From: daver%sunspot.ssl.Berkeley.EDU@ucbvax.Berkeley.EDU (David Ray)
Subject: Re: APPS: Gesture recognition using simple statistics (DataGlove app.)
Date: 2 Dec 1992 22:36:29 GMT
Organization: Space Sciences Lab, UC Berkeley



In article <1992Dec2.082956.24747@u.washington.edu>
gbnewby@uxh.cso.uiuc.edu (Gregory B. Newby) writes:

>I wanted to share the results with my virtual friends.  This is a
>program that uses a simple statistical method for match a given hand
>position against a 'library collection" of known positions, using the
>VPL DataGlove.
>Someone please tell me if *everyone* already knows this.

I have never heard of it done with the VPL glove, but there are people
who have done similar things with Nintendo Power Gloves.

>The program has a "train" mode and a "recognize" mode. 
>
>I tested with about 12 gestures....  point, fist, flat, bird, horns,
>pinkie, a-ok, thumb-up, snap, etc. THE PROGRAM NEVER MISSED!

Sounds a lot like Mike Lee's neural network program for Max.  I have
done a lot of work using the Power Glove with Max, and I recently
combined that with the neural network program. It can be programmed to
recognize gestures -- i.e. non-time-dependent combinations of finger
bend and hand position. The recognition can then be programmed to
trigger various things with MIDI.

>In a real-world application, we would be trying to pull gestures from
>an ongoing stream.  There's no clearly-defined point at which a
>"gesture" exists (as opposed to just hanging around, or starting to
>make a gesture).  Furthermore, gestures happen across time.  I've only
>taken a slice, and not looked at more time-wise gestures, such as
>"jabbing finger" or "hitching a ride."

Yes, it seems to me that this could be done in principle but you would
need an extremely fast CPU to process the whole neural network
sufficiently fast to resolve the temporal changes.  

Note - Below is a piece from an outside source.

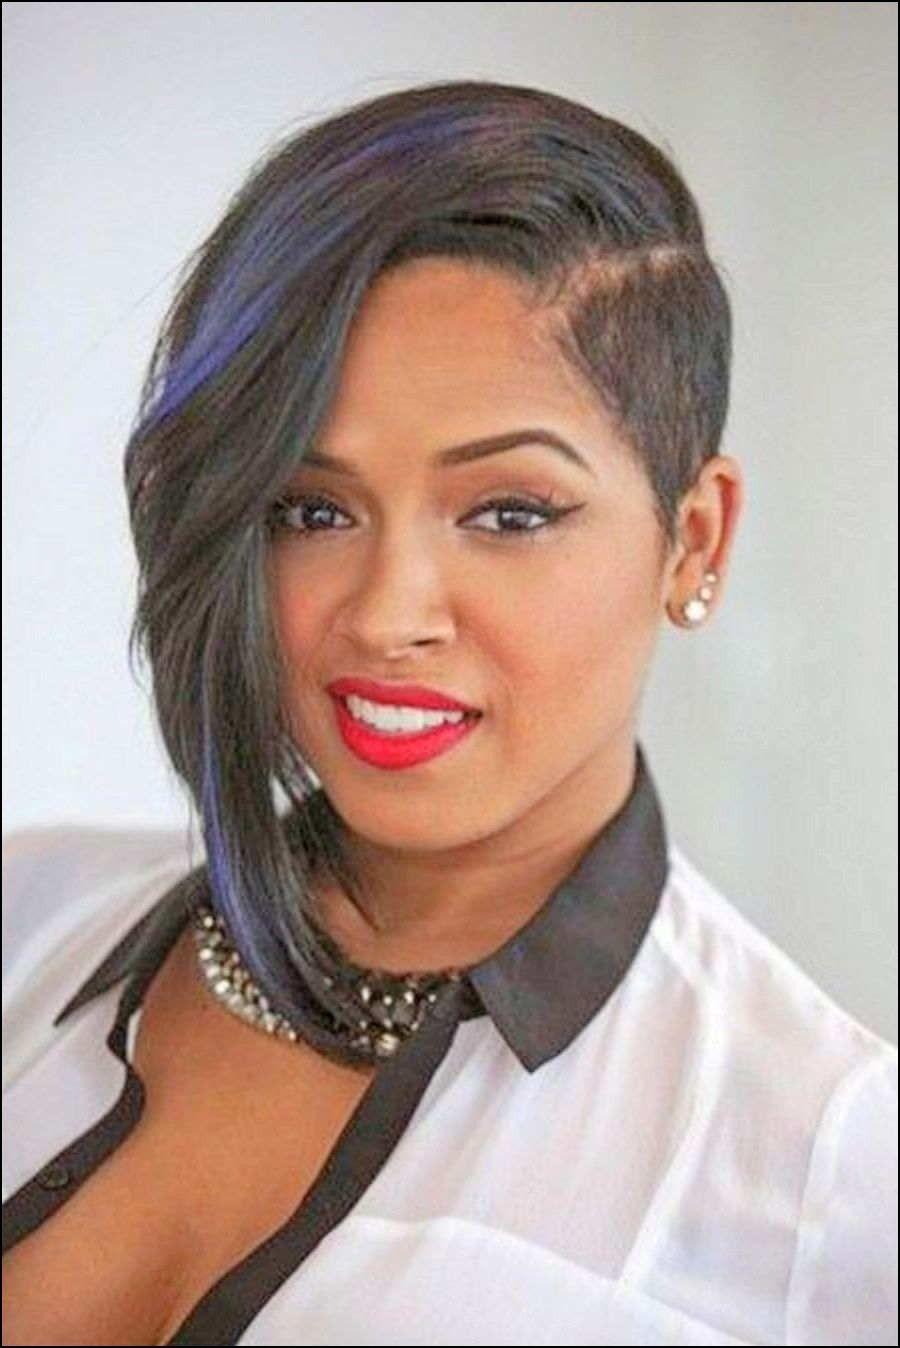 Asymmetrical Haircuts For Black Women Short Hair Trends Short Asymmetrical Hairstyles Short Asymmetrical Haircut

>This week, I'll see how my program does with the American Sign 
>Language Manual Alphabet.

There is a guy named Mark Coniglio who has developed his own glove and
software for recognizing finger positions, and which outputs MIDI
data.  He then programmed a synthesizer/sampler with about 100 words
which can each be triggered by a specific MIDI message. Basically he
can make a hand position to trigger the sound of spoken words from the
sampler. He gave a demonstration where he could"speak" whole sentences
by using hand gestures.

>Will keep y'all posted.  BTW: this program runs on the SGI SkyWriter
>system at NCSA.  The part described above is written in Fortran.  The
>DataGlove interface stuff is in C.

I do my PowerGlove/Max/Neural-network programming on a stock Mac LCII.